NTTファシリティーズ
FeatureNTTファシティーズジャーナル
2020年1月20日

海外の製造拠点におけるFMの展開

NSFエンゲージメントは,ソニーグループの海外の製造拠点でもファシリティマネジメント(FM)を展開しています。

課題を集約し付加価値を持った提案を実施

 環境負荷の低減をはじめ,雇用創出やワーカーの就労満足度向上などの社会的責任を果たしながら,費用対効果の高い施設運営を図る。
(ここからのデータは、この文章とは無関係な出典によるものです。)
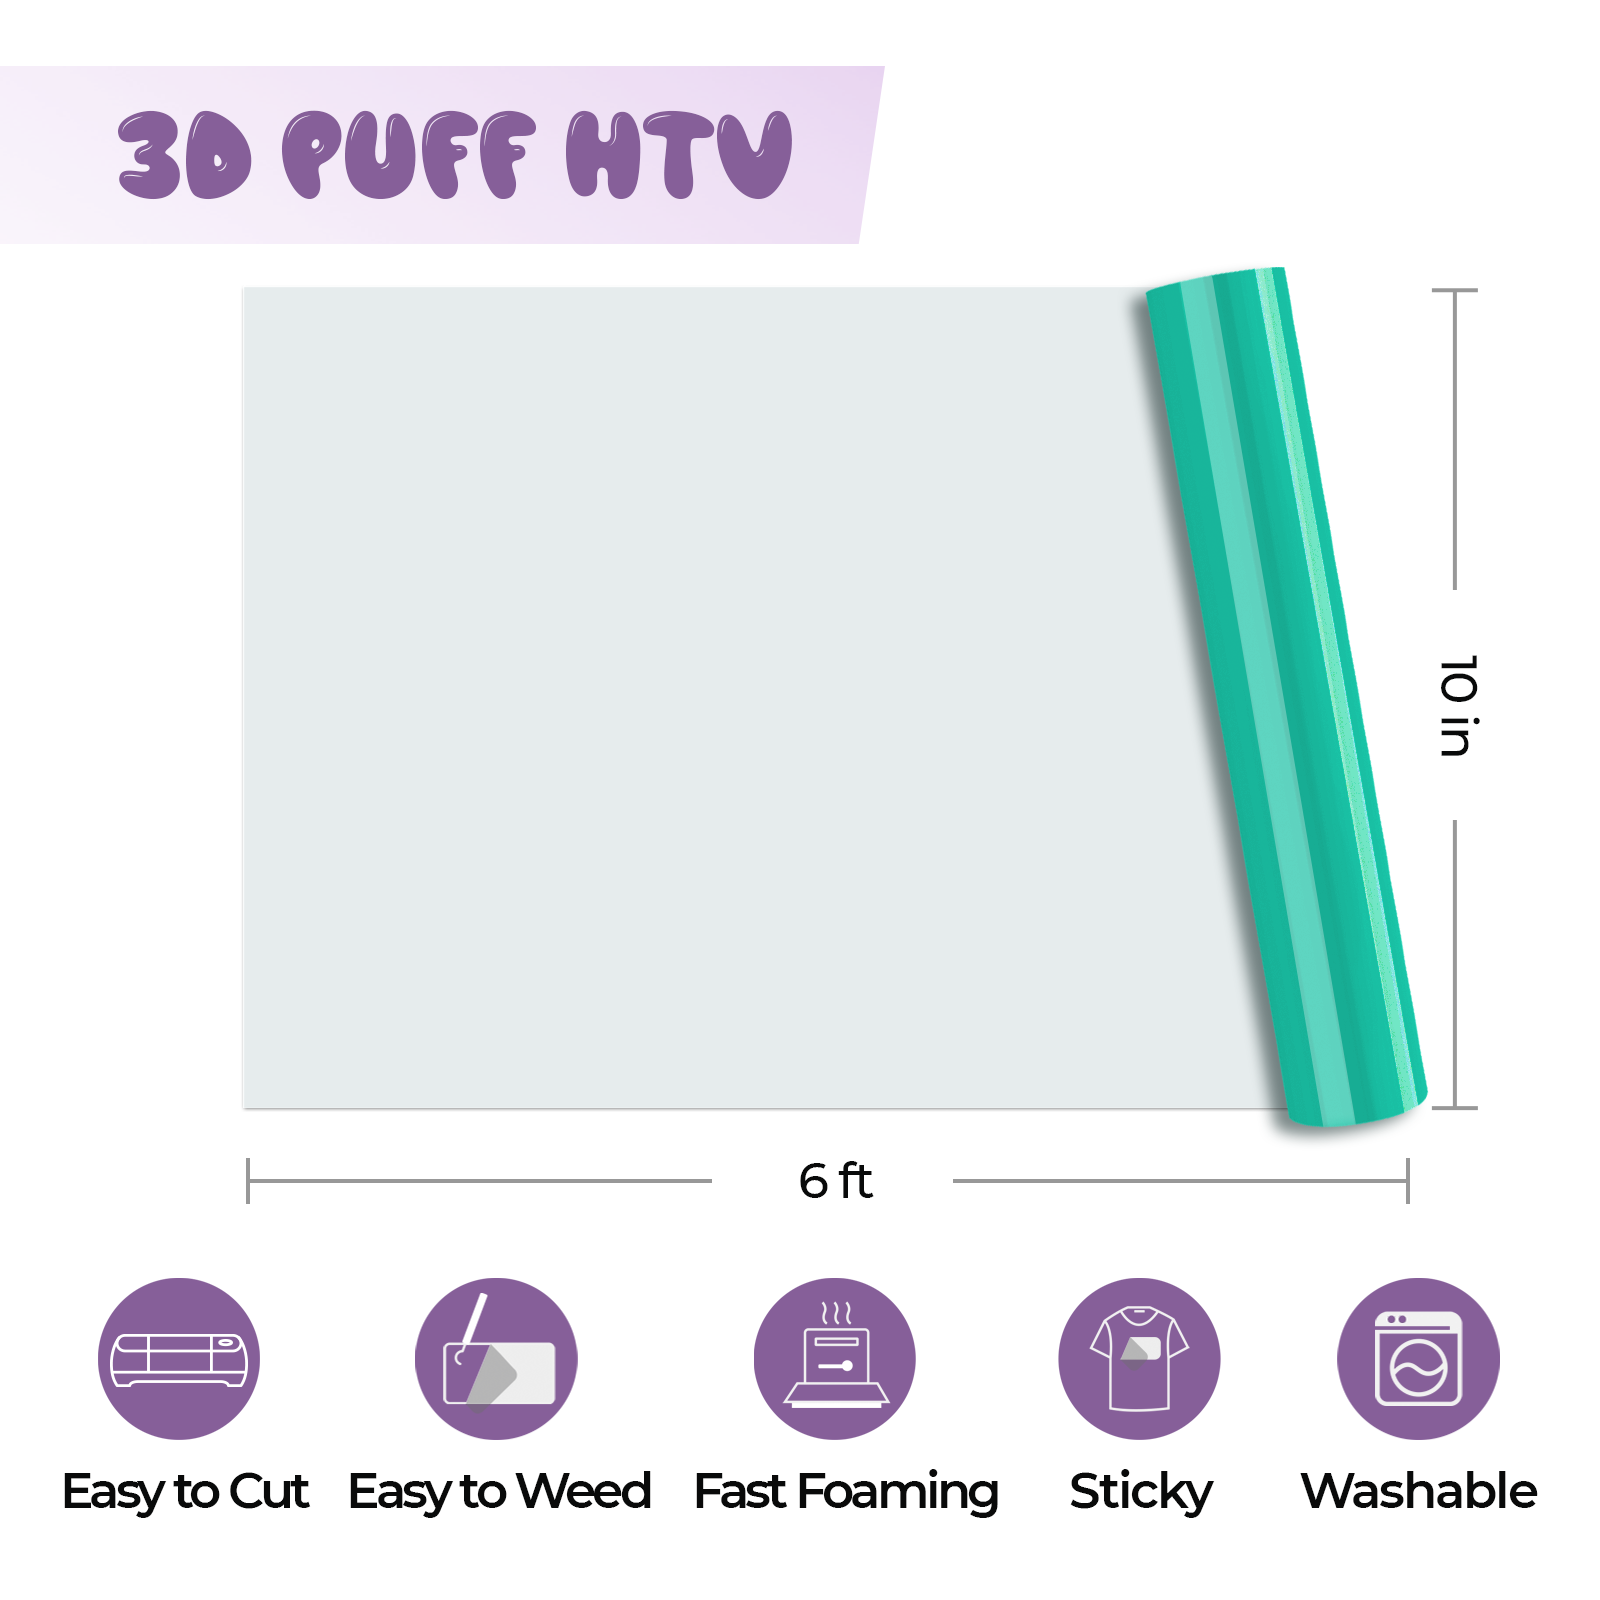 Siser Glitter HTV Iron on Heat Transfer Vinyl 10 inch x 12 inch 6 Precut Sheets - Neon Purple, Size: 10 x 1 Foot

企業に求められるこうした状況は,日本だけでなく海外でも同様です。
 ソニーグループの東南アジア地域における製造拠点はタイに3カ所,マレーシアに2カ所,インドに1カ所あり,我々はSonyTechnology(Thailand)Co.,Ltd.(STT)を拠点にして,ソニーからの指針と各拠点からの多岐にわたる課題を集約し,具現化へ向けたFMを統括して行っています(図1)。
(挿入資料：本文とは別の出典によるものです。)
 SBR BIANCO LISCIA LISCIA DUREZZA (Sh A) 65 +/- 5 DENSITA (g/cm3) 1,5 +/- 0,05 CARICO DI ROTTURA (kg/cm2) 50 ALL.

図1 ソニーグループの東南アジア地域における製造拠点

 ソニーグループが掲げる環境負荷低減目標への対策として,SonyDeviceTechnology(Thailand)Co.,Ltd.(SDT)では半導体製作用クリーンルームの省エネ化を,STTChonburiPlantでは太陽光発電システムの導入を実施しました。
 クリーンルームの省エネ化は,品質を維持・向上させながら,エネルギーコストとCO₂排出量を約50%低減しています(図2)。導入にあたり,日本の環境技術を途上国に広げる「二国間クレジット」制度の採択を受け,環境省からの補助金を利用することでイニシャルコストを抑えています。
 太陽光発電システムの導入は,ソニーグループの海外製造拠点としては初となる取り組みで,環境負荷の低減,自家消費によるエネルギーコストの削減に加えて,タイでの税制緩和措置も受け,導入に関する付加価値を高めています(図3)。

図2 SDTにおける半導体製作用クリーンルームの省エネ化
図3 2019年4月より稼働しているSTT Chonburi Plantの太陽光発電システム

 2011年のタイ洪水以後,SDTとSTTBangkadiPlantでは,重要設備のかさ上げや,BCP策定などの水害対策を実施(図4)。あわせて電力,水道などのインフラ企業との調整も行い,水害にあった場合でも工場が稼働できる体制を構築しました。
 これらの施策を実施するためには,最新の技術動向,各拠点がある国独自の法規制や地理条件,関係者との調整,拠点間の連携,さらには国民性などの固有の事情も含めた全てに精通している必要があります。
 こうした知見やノウハウは,個人の知識や経験から醸成されることが多いのですが,迅速な課題の解決と情報共有による全体の効率化を図るため,ケース別に分類しデータベース化しています。データベース化された知見やノウハウは,現場の作業効率を向上させる付加価値を持った提案から,経営に資するファシリティの中長期計画の立案にまで活かされ,様々な場面で実効性のあるFMを展開しています。